**TASK ITEM:** From the line that contains "Player.pl nie dziala problemy tvn programy" to the last line of the data below, transcribe every line exactly. Do not include the pictures.

**SUPPLIED DATA:**
§

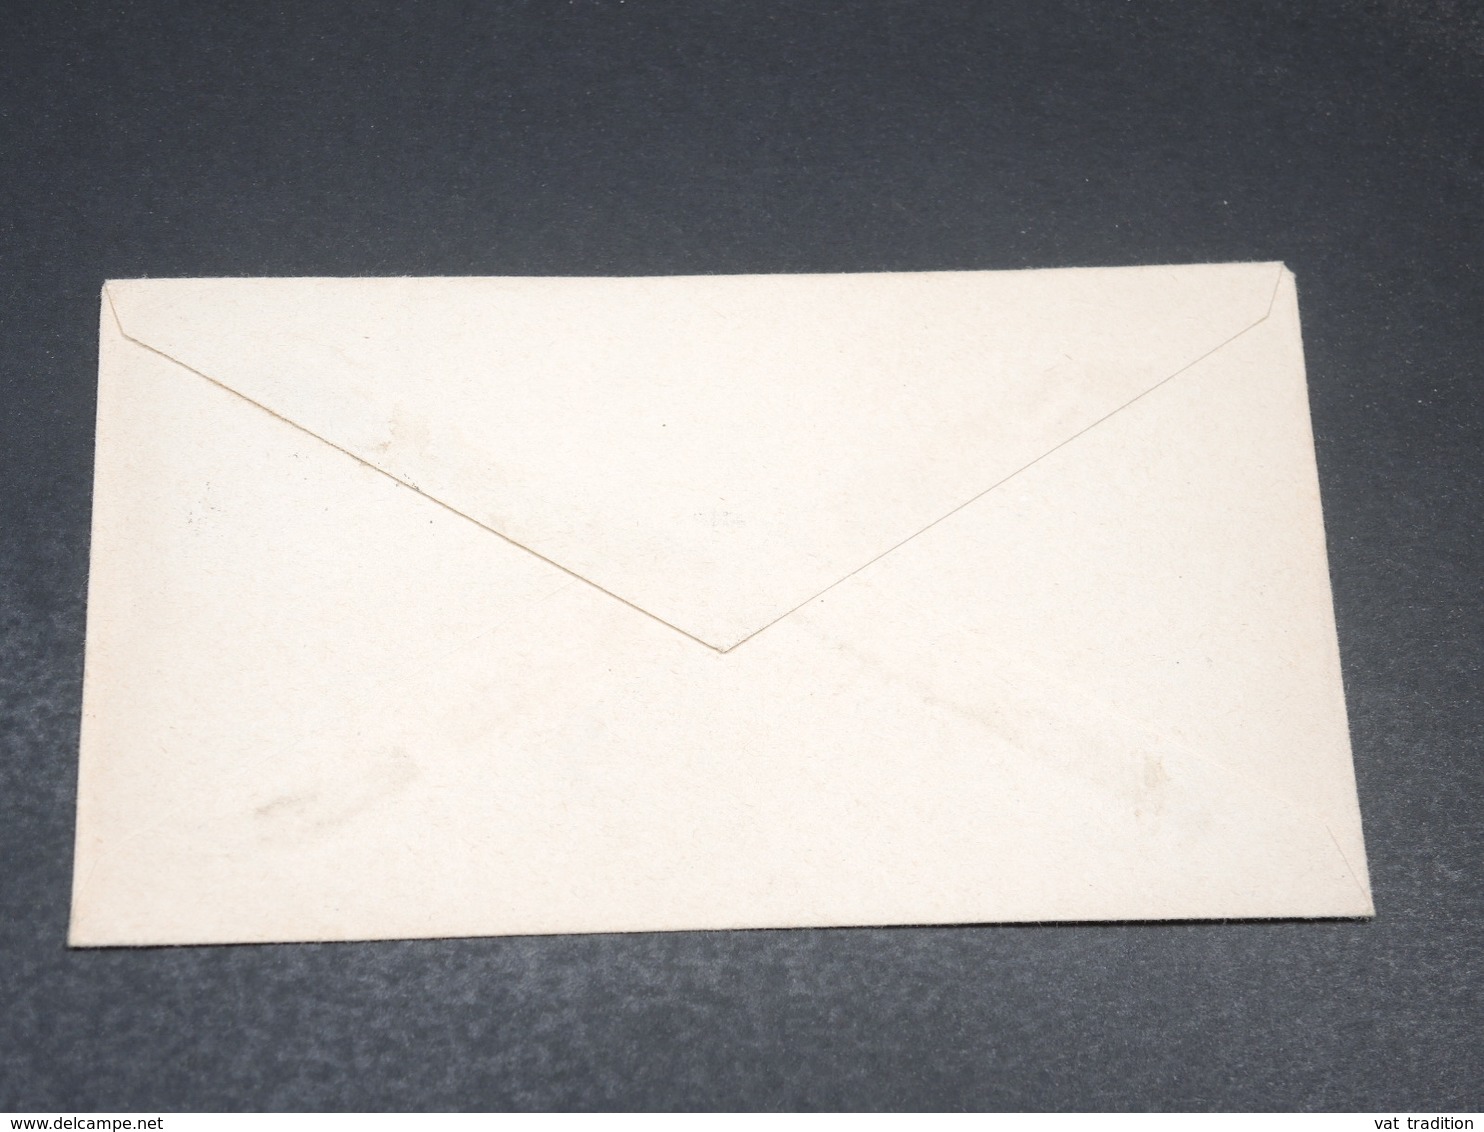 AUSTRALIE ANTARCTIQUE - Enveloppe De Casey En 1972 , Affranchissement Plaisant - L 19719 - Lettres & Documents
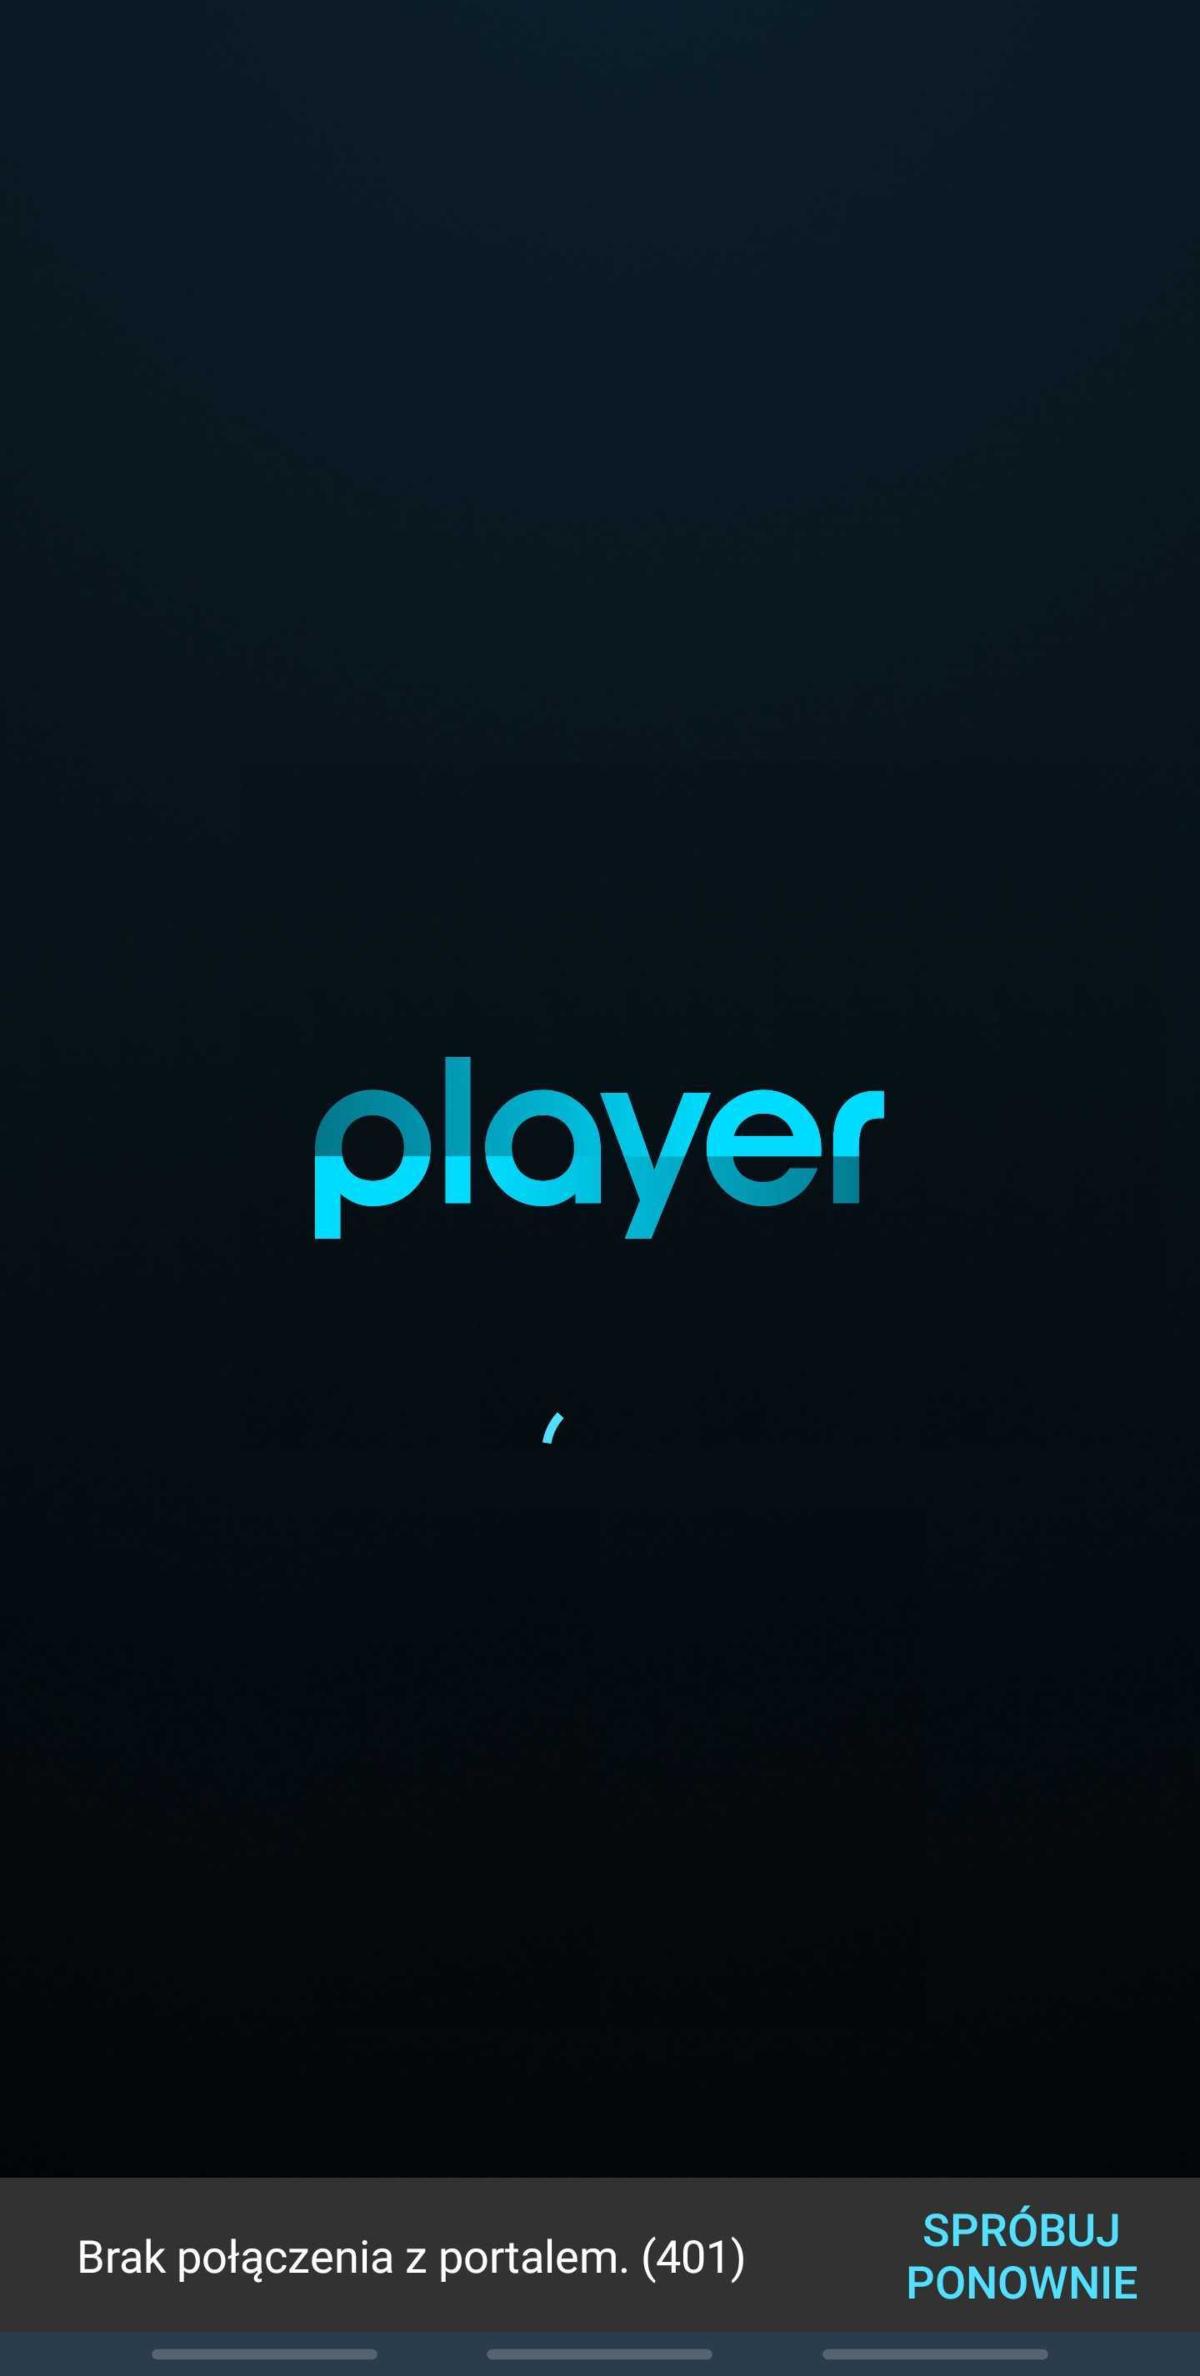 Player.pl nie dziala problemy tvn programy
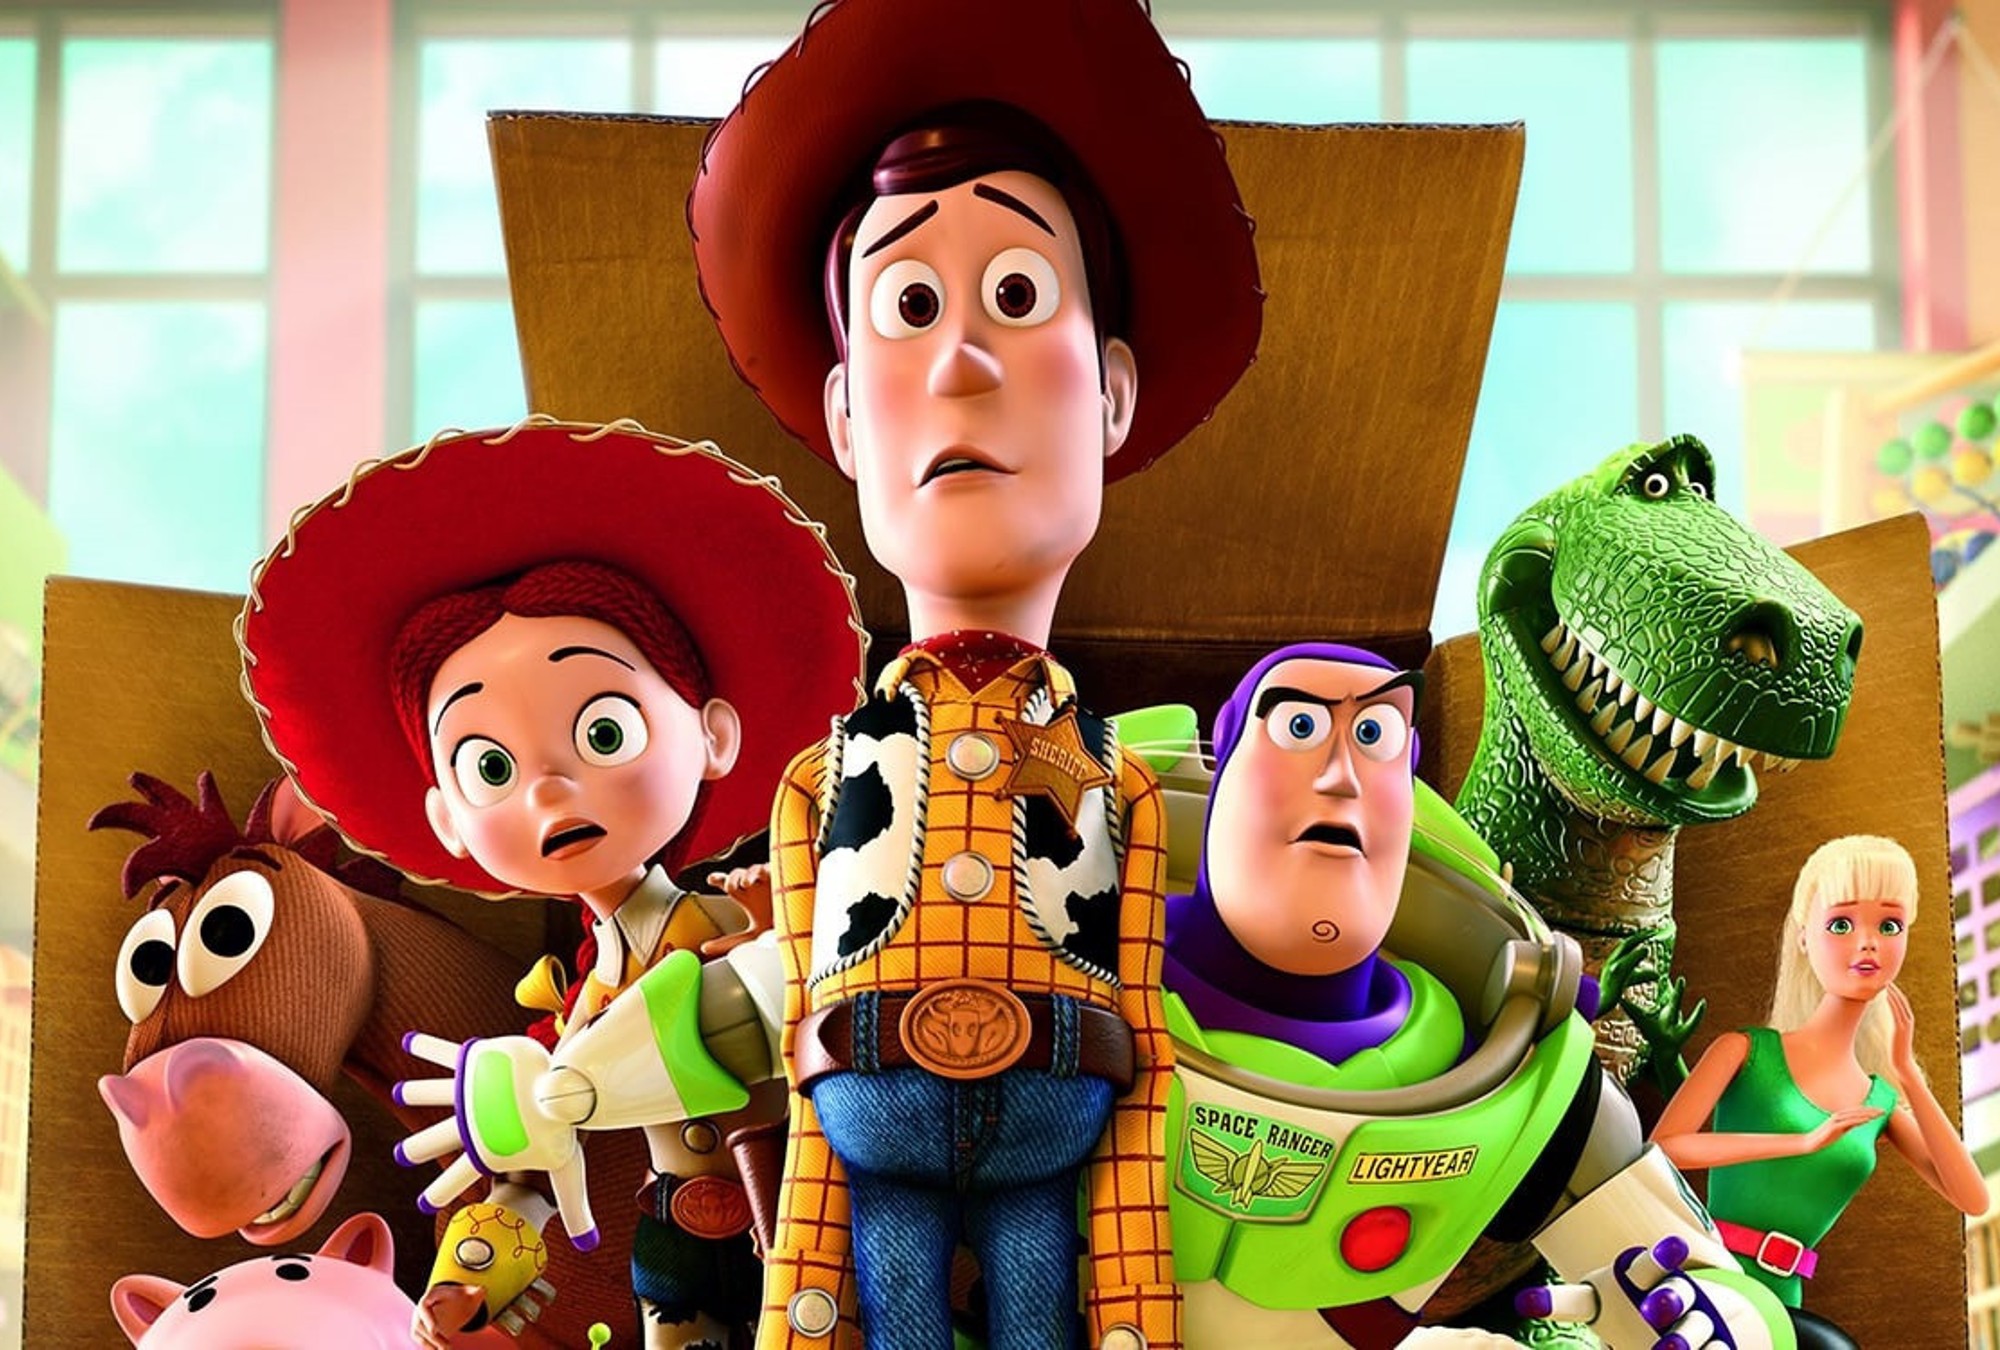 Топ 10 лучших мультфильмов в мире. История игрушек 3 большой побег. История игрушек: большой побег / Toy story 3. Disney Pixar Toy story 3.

§

**TASK RESULT:**
 Player.pl nie dziala problemy tvn programy
 Топ 10 лучших мультфильмов в мире. История игрушек 3 большой побег. История игрушек: большой побег / Toy story 3. Disney Pixar Toy story 3.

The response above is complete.